Tonight’s post is on two dinners from last week. It seems as if my time to post dwindles each week, therefore causing quite the delay in posting. The first dinner was grilled flank steak, sautéed squash, and tomato risotto. This is my ALL TIME favorite risotto recipe. I love, love, love this risotto and if you come to my house I will probably make this for you. The recipe is as follows:1 onion, diced, 3 cloves of garlic, chopped, 1 cup (or so) of risotto, ¾ c white wine, 16 oz chicken broth, 28oz can of diced or pureed tomatoes, 2tbs butter, and 1 cup of parmesan cheese. First you combine the chicken broth and the diced tomatoes into a large sauce pan and simmer on low. While that is working, sauté the onion and garlic until fragrant. Add the risotto to the onion and garlic, cook for one minute. Then, pour in the wine and cook until absorbed, salt and pepper to taste. After the wine has absorbed, add a ladle or two of the broth mixture into the risotto and cook until absorbed. Continue adding another ladle full until the broth is gone. During the last 2 minutes of cooking, add the 2tbs of butter and the parmesan. I love it.

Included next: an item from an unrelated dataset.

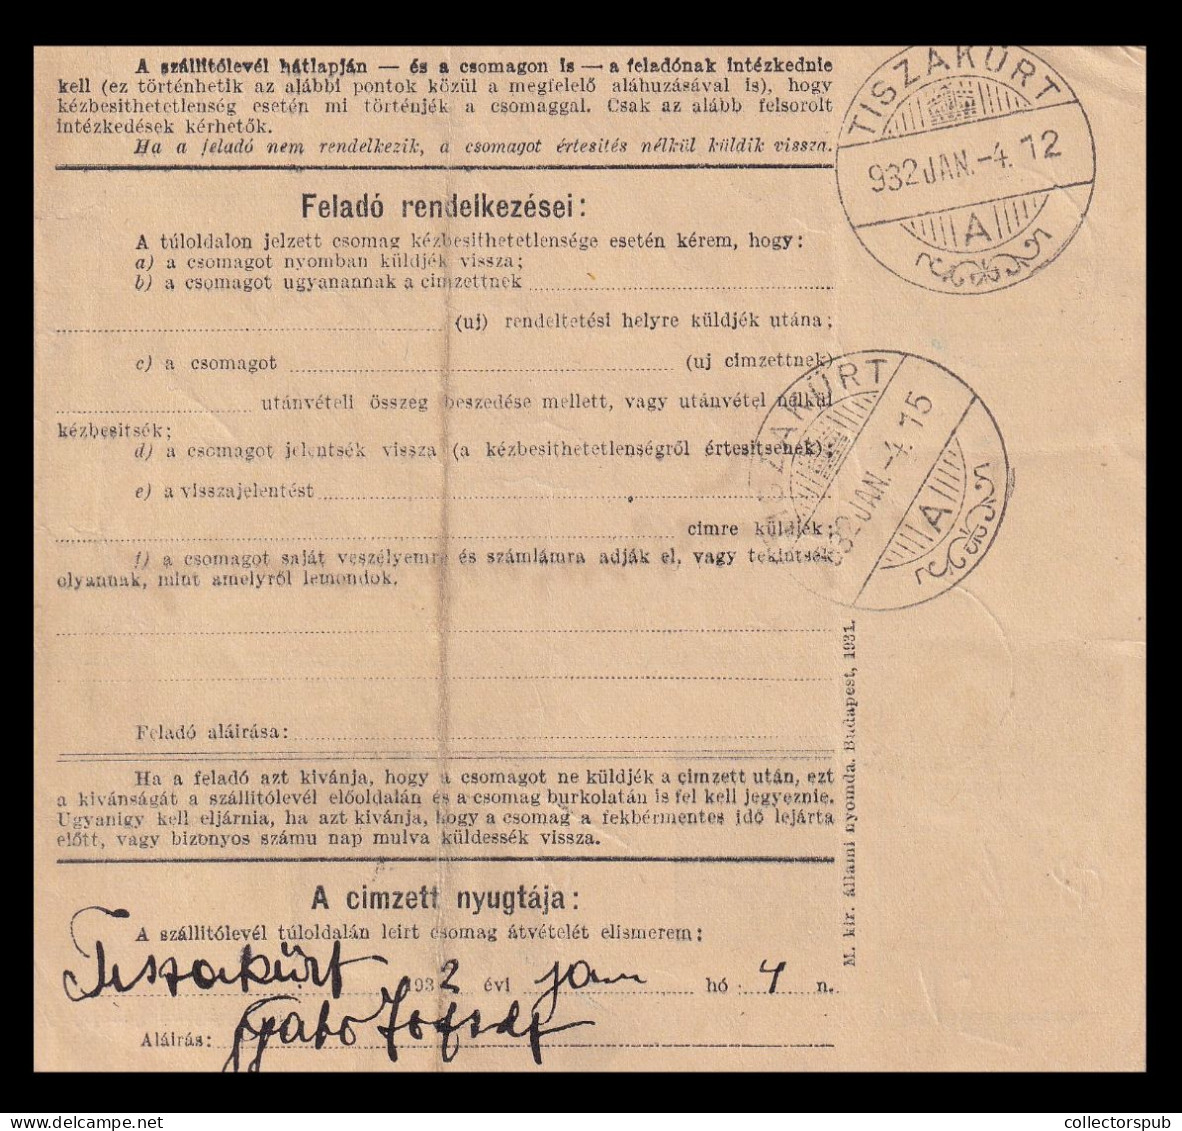 HUNGARY Nice Parcel Post Card  Magyar.Kir.Posta. 25 1932. "terjedelmes" - Parcel Post

The other dinner in tonight’s post is salmon with steamed carrots and sautéed zucchini. I coated the salmon in extra virgin olive oil, salt, and pepper and then grilled it. I sautéed the zucchini in evoo, and added salt, pepper, and garlic. For the carrots, I steamed them in the microwave with a dash of brown sugar. To top the salmon I made a shallot vinaigrette that is a recipe from Real Simple September (not pictured). The vinaigrette was a ¼ cup diced red onion (I substituted this for the shallot since I had it), 2 tablespoons of red wine vinegar, 1 tsp dill, 3 tablespoons of evoo, salt, and pepper. It was really good.